The Egyptian government has not issued a statement on whether it will allow the Global March to Gaza to pass through its territory.
'I doubt they would be allowed to march towards Rafah,' a longtime Egyptian activist, whose name is being withheld for their safety, said.
'It's always national security first,' they told Al Jazeera.
If the convoy makes it to Rafah, it will have to face the Israeli army at the crossing.
Palestine supporters have tried everything over the years as Gaza suffered.
Since Israel's genocidal war began 20 months ago, civilians have protested in major capitals and taken legal action against elected officials for abetting Israel's mass killing campaign in Gaza.
Activists have sailed on several humanitarian aid boats towards Gaza, trying to break a stifling blockade that Israel has imposed since 2007; all were attacked or intercepted by Israel.
In 2010, in international waters, Israeli commandos boarded the Mavi Marmara, one of the six boats in the Freedom Flotilla sailing for Gaza.

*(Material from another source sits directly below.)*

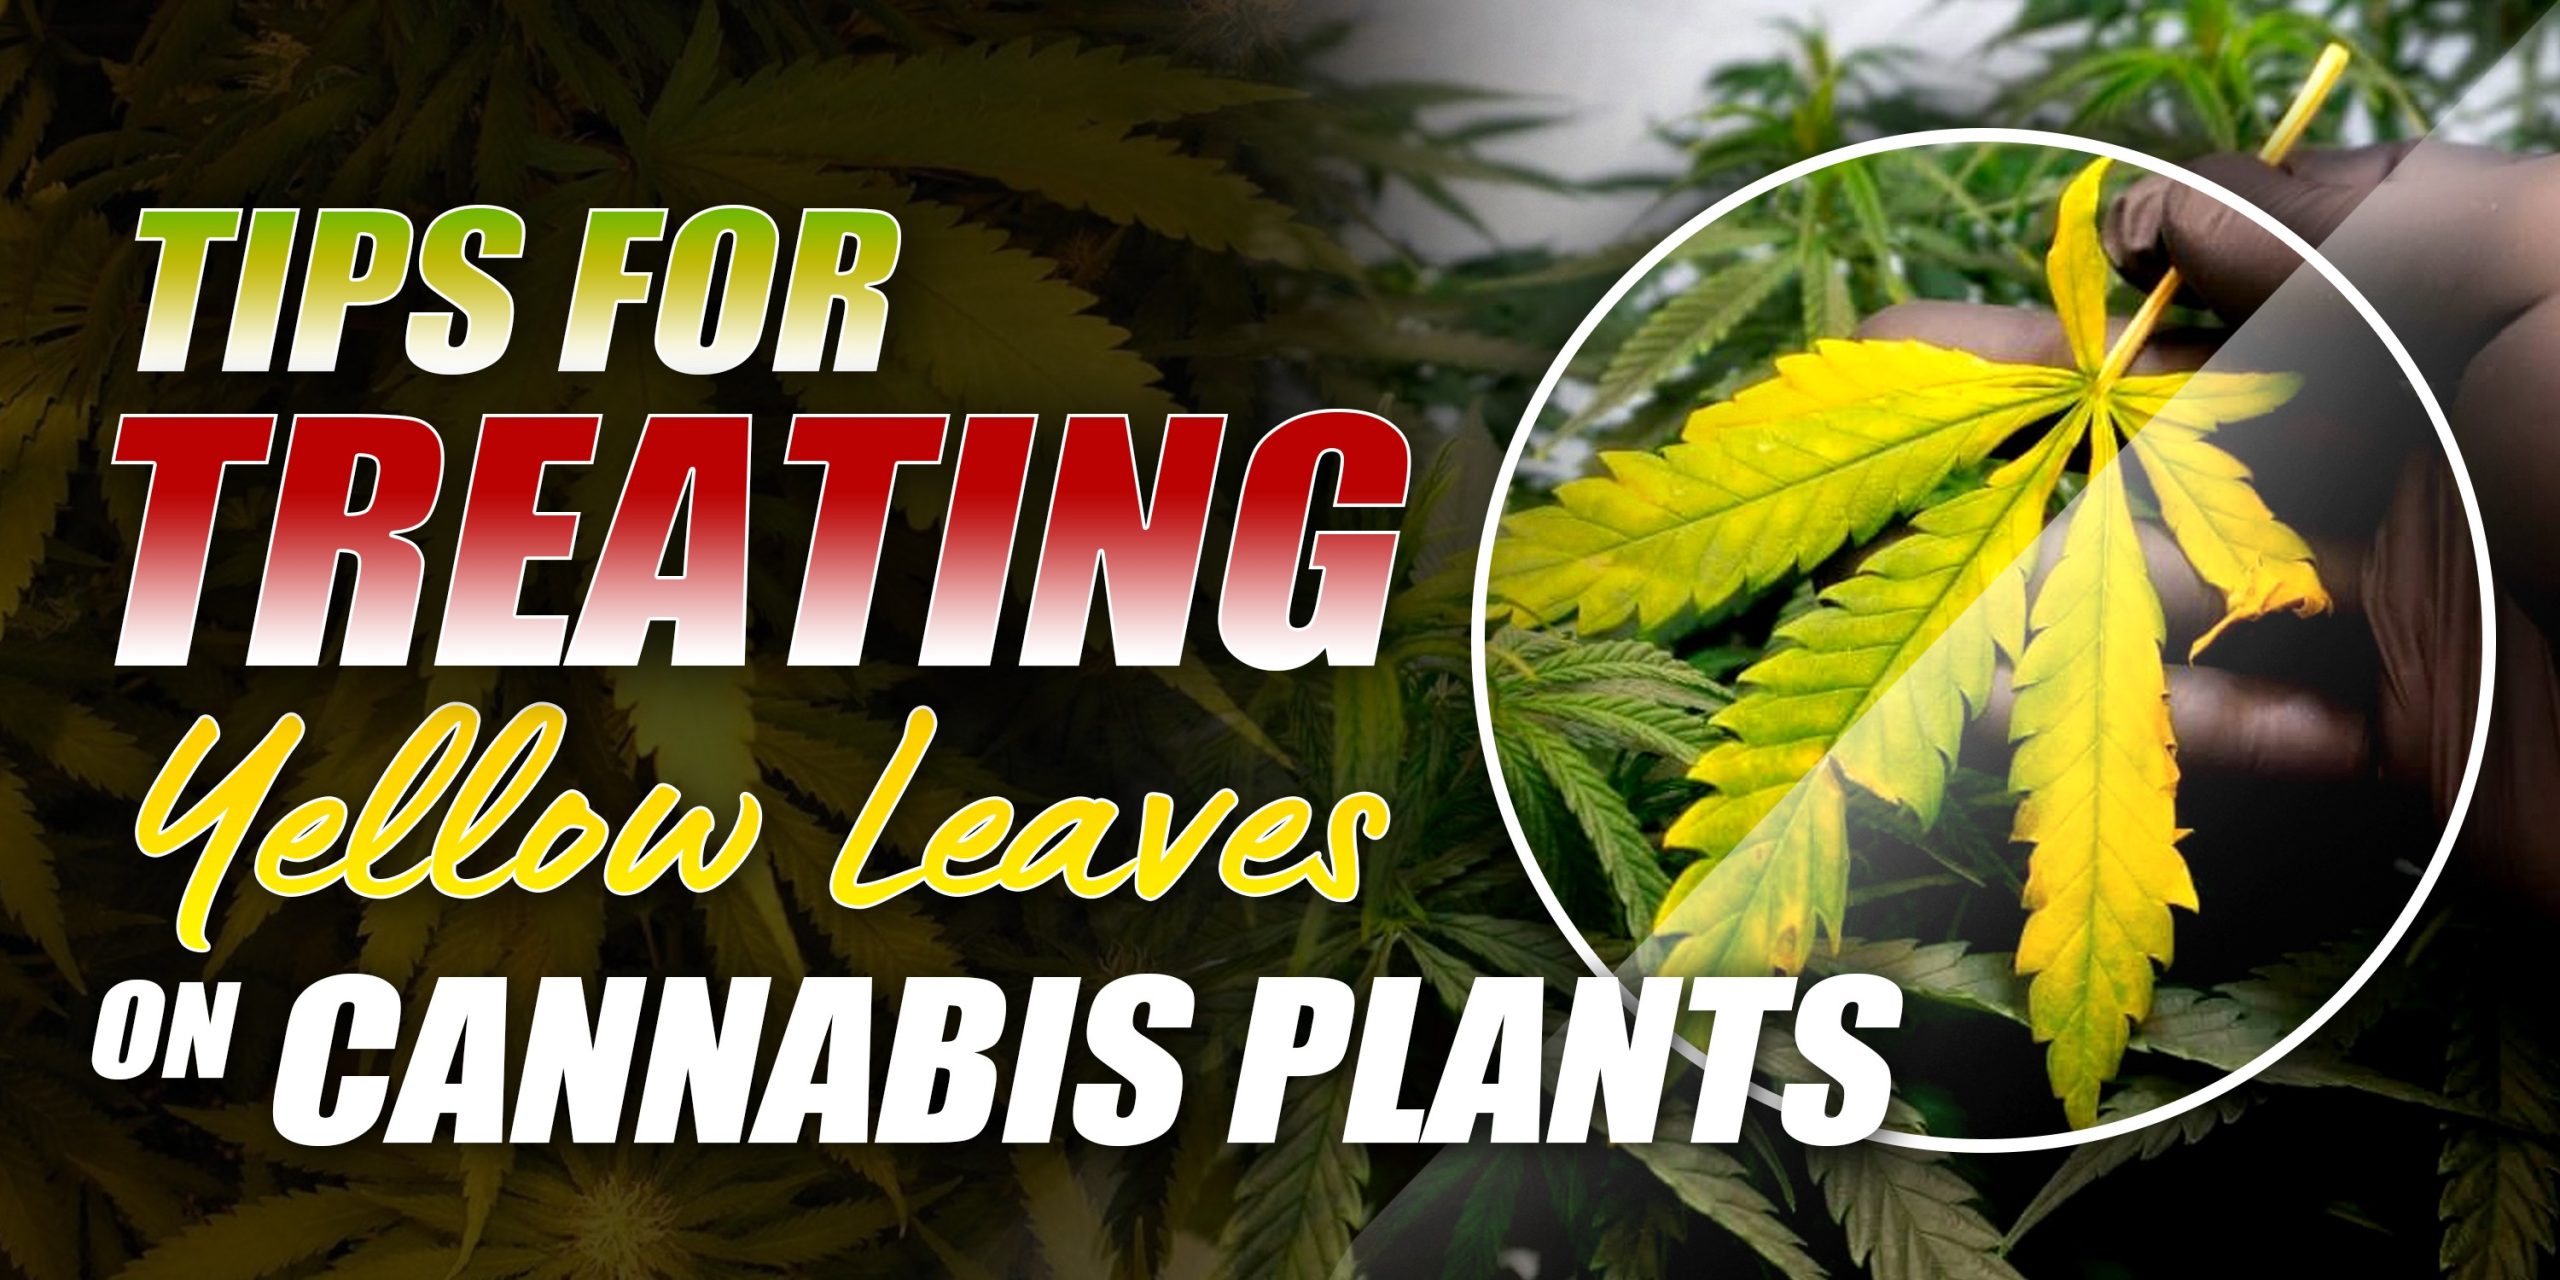 marijuanas plants yellow leaves
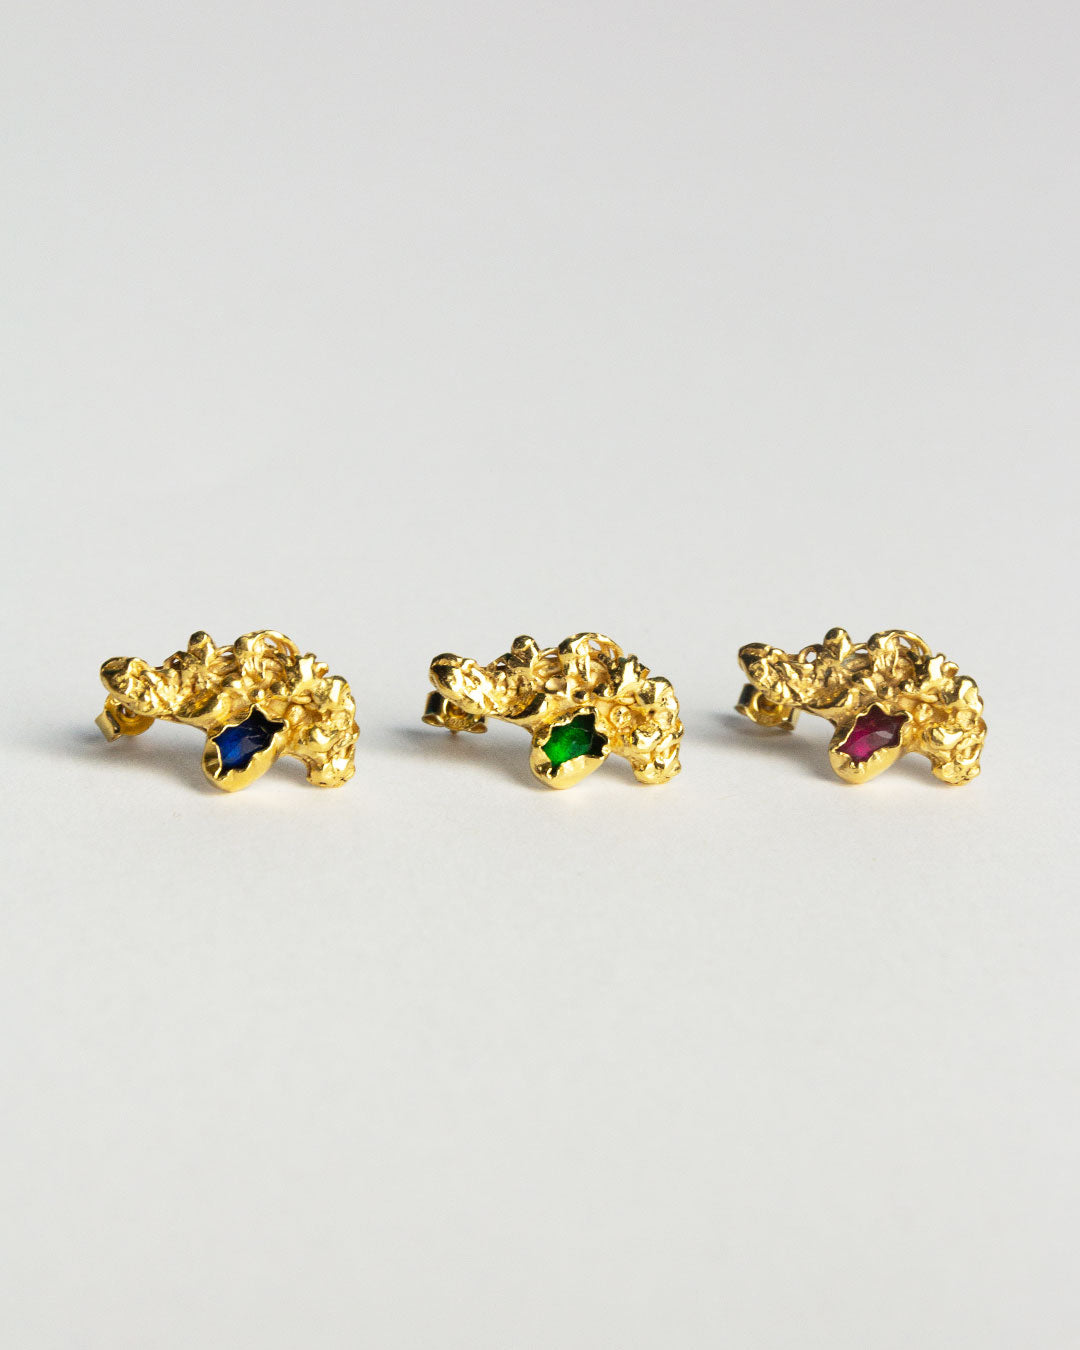 Melibea Short Earrings - Joana Pestana Jewellery

They killed nine people, and one more person died of their wounds later.
The Freedom Flotilla kept trying as Gaza suffered one Israeli assault after another.
Israel's current war on Gaza prompted 12 activists from the Freedom Flotilla Coalition to set sail on board the Madleen from Italy on June 1, hoping to pressure world governments to stop Israel's genocide.
However, the activists were abducted by Israeli forces in international waters on June 9.
The activists will try, even if they are pretty sure they will not get into Gaza.
They say standing idle will only enable Israel to continue its genocide until the people of Gaza are all dead or ethnically cleansed.
'The message people here want to send to the world is that even if you stop us by sea, or air, then we will come, by the thousands, by land,' said Ben Mbarek.
'We will literally cross deserts … to stop people from dying from hunger,' she told Al Jazeera.
Since Israel began its war on Gaza on October 7, 2023, it has strangled the food and supplies entering the Palestinian enclave, engineering a famine that has likely killed thousands and could kill hundreds of thousands more.
Israel has carpet-bombed Gaza, killing at least 54,927 people and injuring more than 126,000.
Legal scholars previously told Al Jazeera the suffering in Gaza suggests Israel is deliberately inflicting conditions to bring about the physical destruction of the Palestinian people in whole or in part – the precise definition of genocide.
Global outrage has grown as Israel continues to kill civilians in thousands, including children, aid workers, medics and journalists.
Since March, Israel has tightened its chokehold on Gaza, completely stopping aid and then shooting at people lining up for what little aid it allows in, leading to rare statements of condemnation from Western governments.